Apr 28, 2019

An act of domestic terrorism, CNN.com

Three ways to stop the hate killings

Updated 2:30 PM ET, Sun April 28, 2019

Peter Bergen is CNN's national security analyst, a vice president at New America and a professor of practice at Arizona State University. He is the author of "United States of Jihad: Investigating America's Homegrown Terrorists." The opinions expressed in this commentary are his own. View more opinion articles at CNN.

(CNN)The murder of Lori Kaye, a 60-year-old woman attending synagogue on Saturday, was the work of a domestic terrorist who killed her because she was Jewish. The shooter also wounded three others at the synagogue, who were celebrating the last day of Passover.

Terrorism is generally defined as an act of violence against civilians for political purposes by an individual or group. Saturday's assault at the San Diego-area synagogue by suspect John Earnest certainly fits that definition.

If this attack seems sickeningly familiar to many Americans, that's because it is.

Like school shooters, terrorists learn from and emulate other terrorists. According to what is believed to be the shooter's online manifesto, similar hate-filled terrorist attacks inspired his heinous act -- including the October shooting at the Tree of Life Synagogue in Pittsburgh, in which a man, armed with an assault rifle, killed 11 worshippers. The shooter in that attack blamed Jews for the migrant caravan that was then moving through Mexico, according to his postings on social media.

In this manifesto, the shooter also references the man who killed 50 worshipers at a mosque in Christchurch, New Zealand, last month

According to local authorities, the California shooter was a "lone actor" terrorist who operated without the support of any group. He was also allegedly armed with an "AR-type assault weapon," which is designed to kill human beings at a rapid pace and is often the weapon of choice for mass murderers in the United States.

Jihadist terrorists, using semi-automatic rifles, have also carried out massacres in the United States in recent years. In 2016, armed with an assault rifle, Omar Mateen killed 49 people at a nightclub in Orlando. He was inspired by ISIS -- but had no direction or training from the terrorist organization.

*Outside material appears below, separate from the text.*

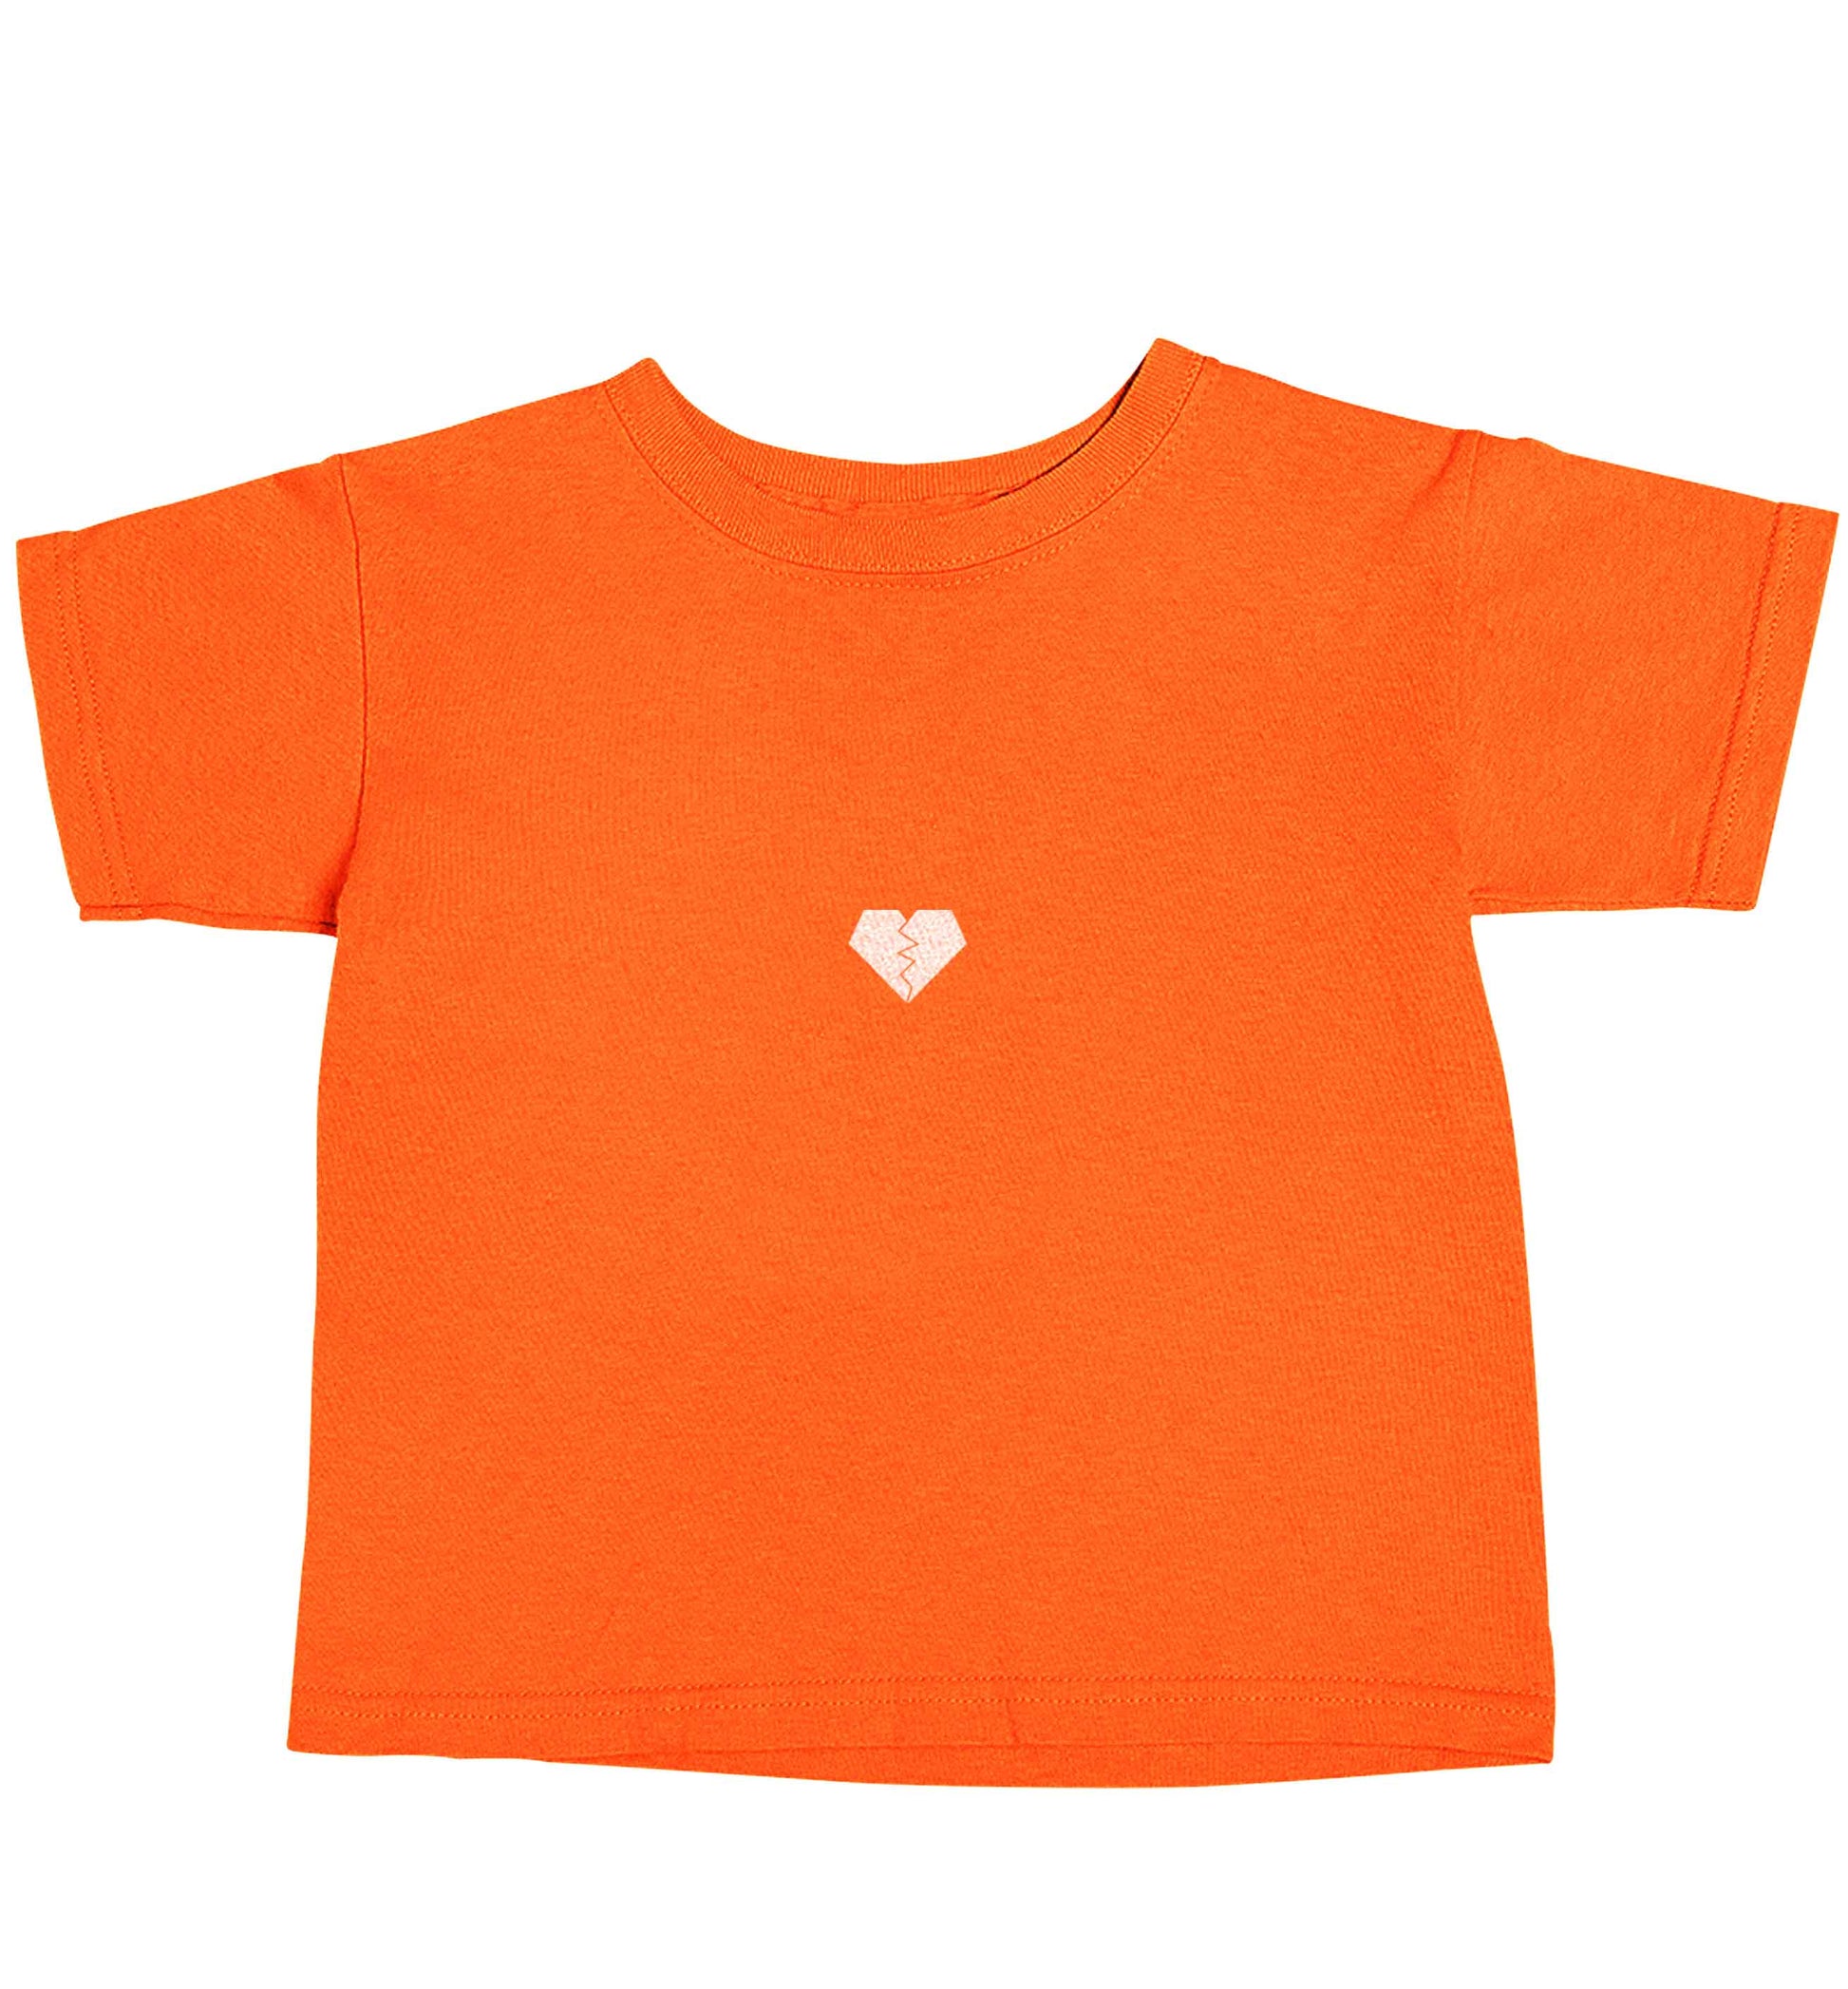 Tiny broken heart orange baby toddler Tshirt 2 Years

A year earlier, armed with assault rifles, Syed Rizwan Farook and Tashfeen Malik, killed 14 at an office in San Bernardino, California. They, too, were inspired by ISIS, but had no direct connections to the group.

What to do?

There are three kinds of issues that need to be addressed to respond to these cases of domestic terrorism.

The easy availability of assault rifles in the United States helps enable those intent on mass murder, yet the Second Amendment absolutism of the National Rifle Association (NRA) has prevented common sense measures to curtail the sale of such weapons, which are designed to kill as many human beings as possible.

Such measures do not amount to "taking" peoples' guns away. My in-laws in Louisiana do not go deer hunting with assault rifles.

However, the mood in the United States seems to be shifting -- with the increasing frequency of mass murders enabled by semiautomatic weapons, contributions to the NRA are "lagging," according to the New York Times. And, according to Gallup polling released in October, six in ten Americans now support stricter gun laws.

Last month, the New Zealand government banned the sale of assault rifles shortly after the massacre at the mosque. Could the US Congress ever enact such a sensible measure? The question, of course, is unfortunately almost entirely rhetorical, as long as politicians remain obedient to the NRA.

Another issue to address is the legal status of domestic terrorism, which is not a federal crime, according to Mary McCord, who ran the National Security Division at the Department of Justice until 2017, where she oversaw all terrorism investigations in the United States. The time has come to consider how such a statute might work.

Of course, there are First Amendment issues that make this complicated, but the case of Coast Guard Lt. Christopher Paul Hasson of Silver Spring, Maryland, underlines why such a statute could be useful. Hasson was arrested in February. Prosecutors said he had a hit list of Democratic politicians and anchors at CNN and MSNBC -- and that he had assembled 15 firearms and more than 1,000 rounds of ammunition.

Yet a federal judge said Thursday that Hasson will be released, while he is awaiting trial on weapons and drugs charges to which he has pleaded not guilty.

If Hasson had been an ISIS sympathizer, it likely would have been much easier to keep him in detention because any form of "material support" to ISIS, a designated Foreign Terrorist Organization is a federal crime that allows prosecutors to keep suspects in jail while they await trial.

In addition, President Donald Trump needs to be clear about calling out extremism of all kinds. To his credit, at a rally on Saturday in Wisconsin, Trump said, "We forcefully condemn the evil of anti-Semitism and hate. It must be defeated."

Trump, however, should stop defending his remarks about the "fine people" on both sides of the violent white nationalist rally in Charlottesville in 2017, as he did on Friday. At the Charlottesville rally, hoards of neo-Nazis marched and chanted "Jews will not replace us." This is the same anti-Semitism that inspired the California shooter to carry out his attack at the synagogue on Saturday, as outlined in the manifesto.